I happened to be passing the menage, and though my initial impulse was to visit Doc Ketchum, I didn't do that; instead, I found myself hobbling into the tent and fighting to pull in lungfuls of dander and elephant smell. I found my way to Rajah's cage. I let myself in and sat down beside him, doing all I could to catch my breath. The remains of a shank-it was split in three places, the marrow scooped-lay beside him, which probably explained why my big tiger was asleep, licking his lips and no doubt dreaming about earlier days. I patted him and felt sorry for what happens to old male circus cats.
"Oh, Rajah," I said in a soft voice. "The problems this world'll think up."
Rajah swept his tail in a wide arc across the floor until it came to rest against my thigh. I held it, thinking of all the times I'd given him bottles of warmed goat's milk in the middle of the night back when he'd been a kitten and Louis Roth my husband, and since it was a memory that made me feel maudlin I was glad to be there, at that very moment, with my baby tiger. Dreamy, I felt, and disconnected, like maybe I didn't understand why fear had to be such a big part of being alive. Without really understanding why, I reached out and took one of Rajah's big paws and petted it, saying, "It's all right, Rajah. It's all right. I don't know how I'll do it but I swear your retirement won't be spent in this awful old cage." I turned his paw over, and ran my fingers over the pebbly underpadding. Doing so made me feel tingly and warm. Again, without really thinking, I found the spot between the pads that makes a tigers' claws pop out, and I pushed with both thumbs. They came into view, not so much popping into sight, but rising slowly, like they were being inflated. They'd grown jagged and sharp, and I swore as soon as I was able I'd give myself a few hours with Rajah to groom his coat and file his nails and clean his teeth. It was a crime the way I'd been treating Rajah, it really was, especially considering all we'd been through. I noticed I was breathing a little better, just being with Rajah, and I placed the inside of my forearm against the tips of his claws, the sharp curving points making an impression in skin. I pulled, opening up the first layer and leaving three straight, bubbling red shallow furrows. As I did, I sighed. It felt wonderful, all that pressure in my chest releasing
, a fine mist puffing from the openings in my arm and sifting through the steel arena bars.

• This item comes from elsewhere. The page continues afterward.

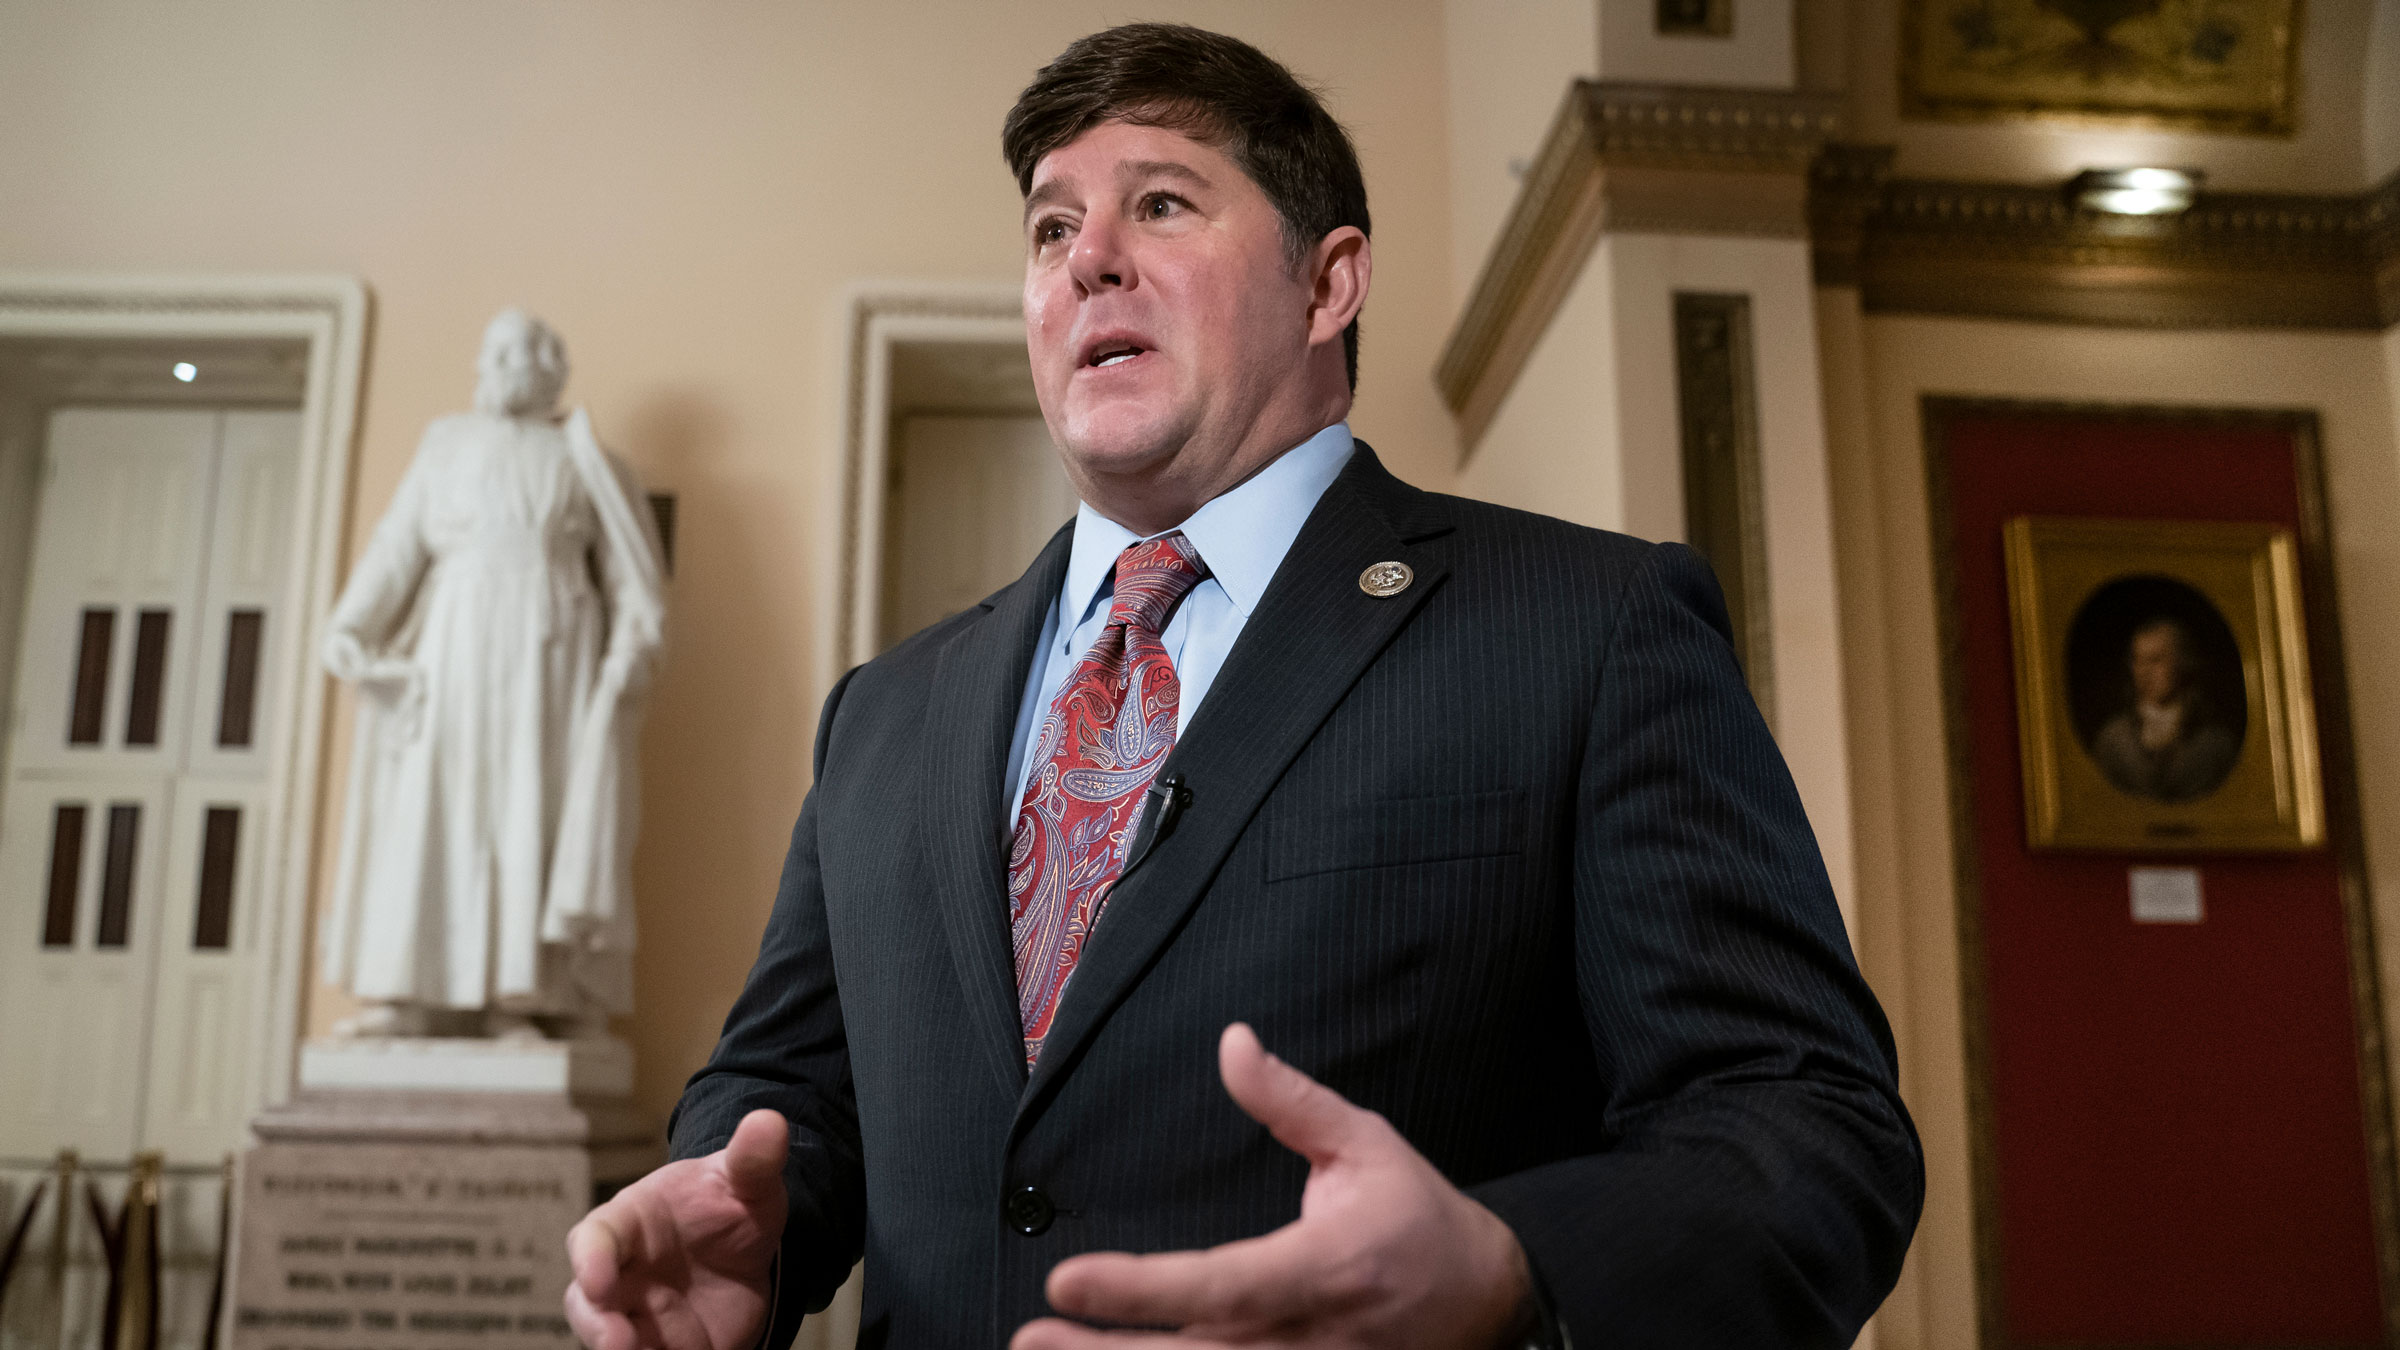 US Rep. Steven Palazzo gives a television interview in Washington in 2019.

A minute went by, with me just watching the blood seep to the surface of my arm, when I popped out of my trance. My head jerked from side to side, to see if anybody had noticed, and a keen embarrassment set in. I unrolled my sleeve and held the material to the three red lines on my arm. Every time I pulled the sleeve away, the wounds looked like they'd stopped bleeding, but then after a few seconds blood would start rising to the surface and I'd have to clamp the material of my blouse to the skin again. It grew sticky and orange in spots, though after a bit the flow was more or less staunched. I fast-walked back to our Pullman suite and applied some carbol and when the whole thing was clean and not bleeding at all I changed my blouse, throwing the other away so there wouldn't be any evidence.